Almost any pattern that you sew will have various marks that you will want to transfer to your cut fabric before you start the actual sewing. The Conifer Skirt is no exception.
The Conifer Skirt has notches that we use to align the top of the skirt with the waistband and optional pocket. As with any pattern, you can mark the notches in several ways. When you are cutting out the fabric pieces, you can make notches of fabric pointing out. If you find that laborious (or forget before it’s too late), you can make little snips into the fabric piece. Remember that you have a 5/8″ seam allowance and make sure that your snip is significantly less than that. Any fabric that you would use on the Conifer Skirt is likely to handle a snip well, but remember that you don’t want to snip into any very delicate fabrics or fabrics that are extremely prone to raveling. Finally, you can mark the notch points with chalk or a fabric safe pen.
If you are sewing the Conifer Skirt with the shingled layers, you are going to have to do a fair bit of marking on the skirt front/back so you know exactly where to place those layer. You’ll notice that the instructions have you mark and then sew one layer at a time working from the bottom up. If you want to save some time, you can mark all the layers at once – however, you will find that as you sew on each layer, it covers up a bit of the marks for the layer above. I solve this by marking all the layers at once and then re-marking just the part that is covered with each sewn layer.
The most accurate way to mark your layer placement lines is to use dressmakers tracing paper (it can be either chalk or wax. I find that wax usually marks the fabric much better and in this instance you don’t need to worry about it leaving permanent marks on your fabric since it will definitely be covered by the layers). Lay your fabric on the bottom, then a layer of dressmakers tracing paper wax/chalk side down, then your pattern piece on top. Trace along the layer placement lines (NOT the layer stitch lines that are 5/8″ higher) with a tracing wheel.

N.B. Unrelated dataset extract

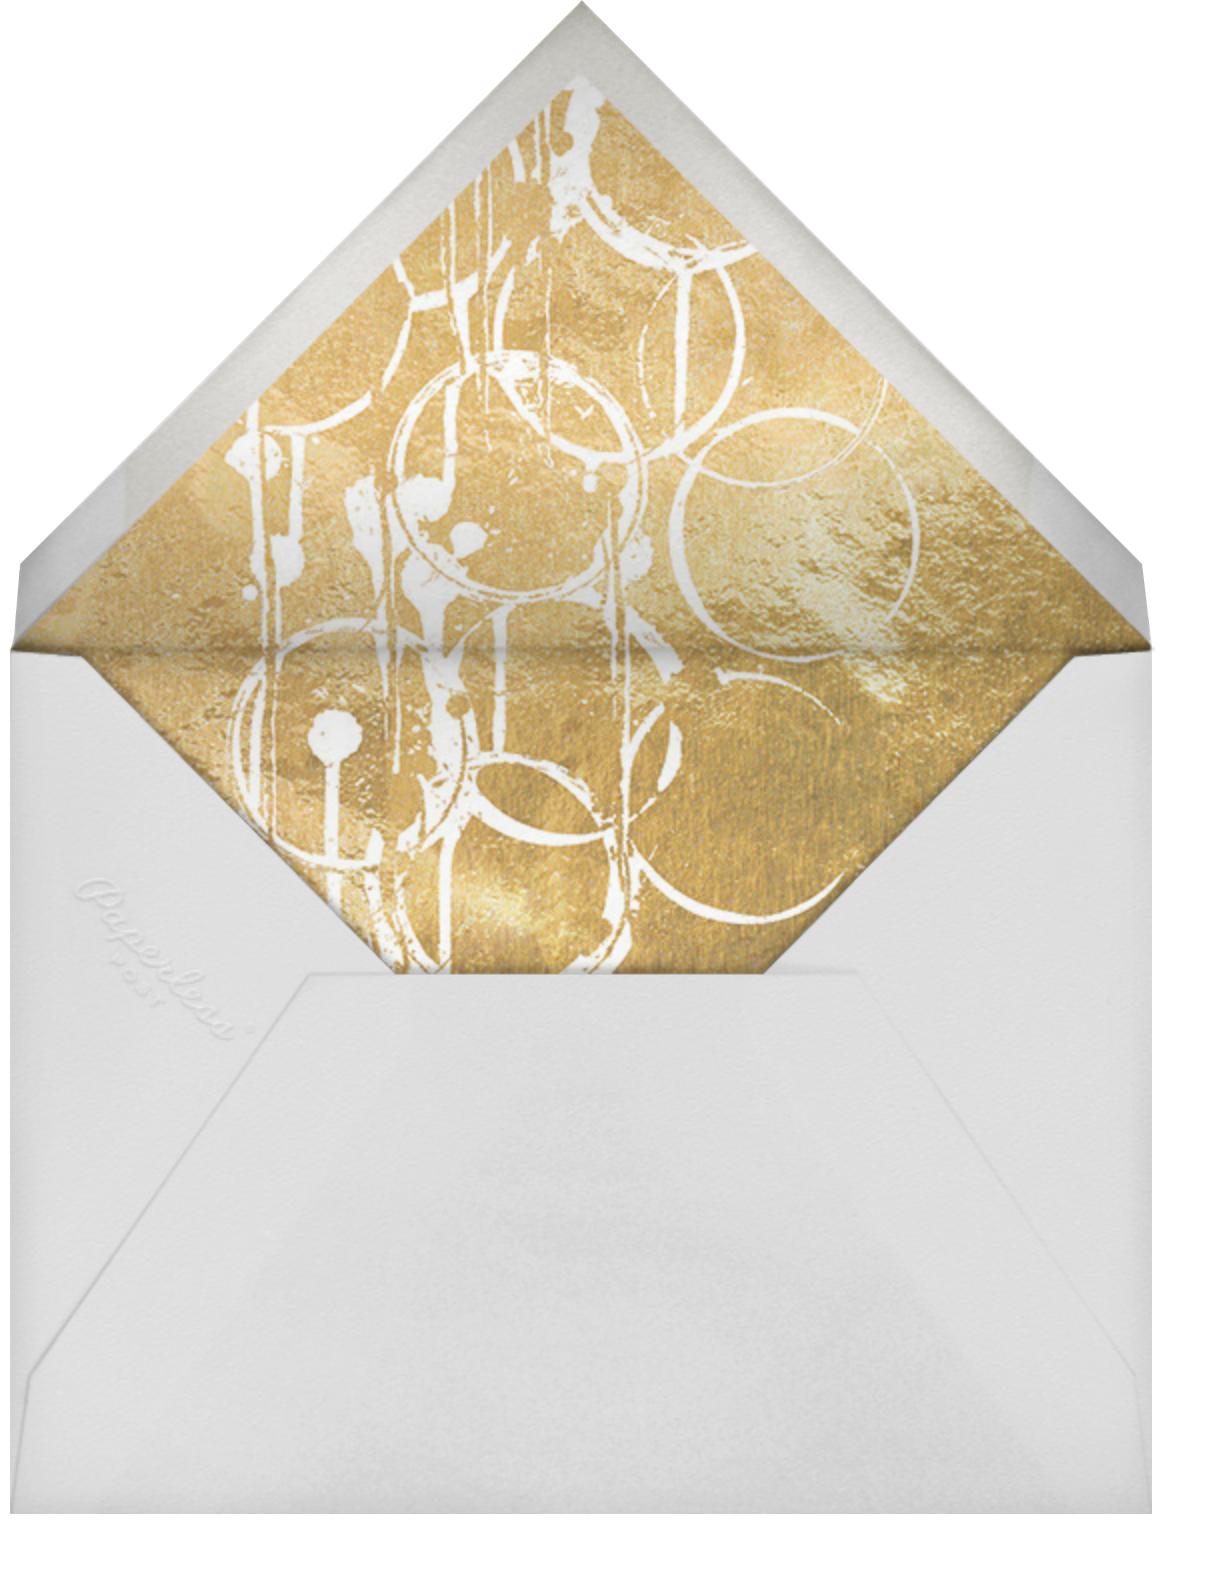 Bottle Shock - Gold - Kelly Wearstler - Graduation party - envelope back

You may find that your marks are hard to see. If this is so, take a long straight ruler and some handheld chalk and trace over your marks for more definition.
You can also cheat a bit with a quicker method of transferring your placement marks (shhhh. I won’t tell). Because the placement marks are straight lines, you can fold your pattern piece along those straight lines (again, make sure you’re using the placement lines not the sewing lines) and use that fold as a guideline. Use a straight ruler to make sure that your line doesn’t wobble and trace along that line.
One final, very important thing to remember is that your front and back are mirror images of each other. When you trace your pattern pieces, remember to flip your pattern over when you go from tracing the front to tracing the back!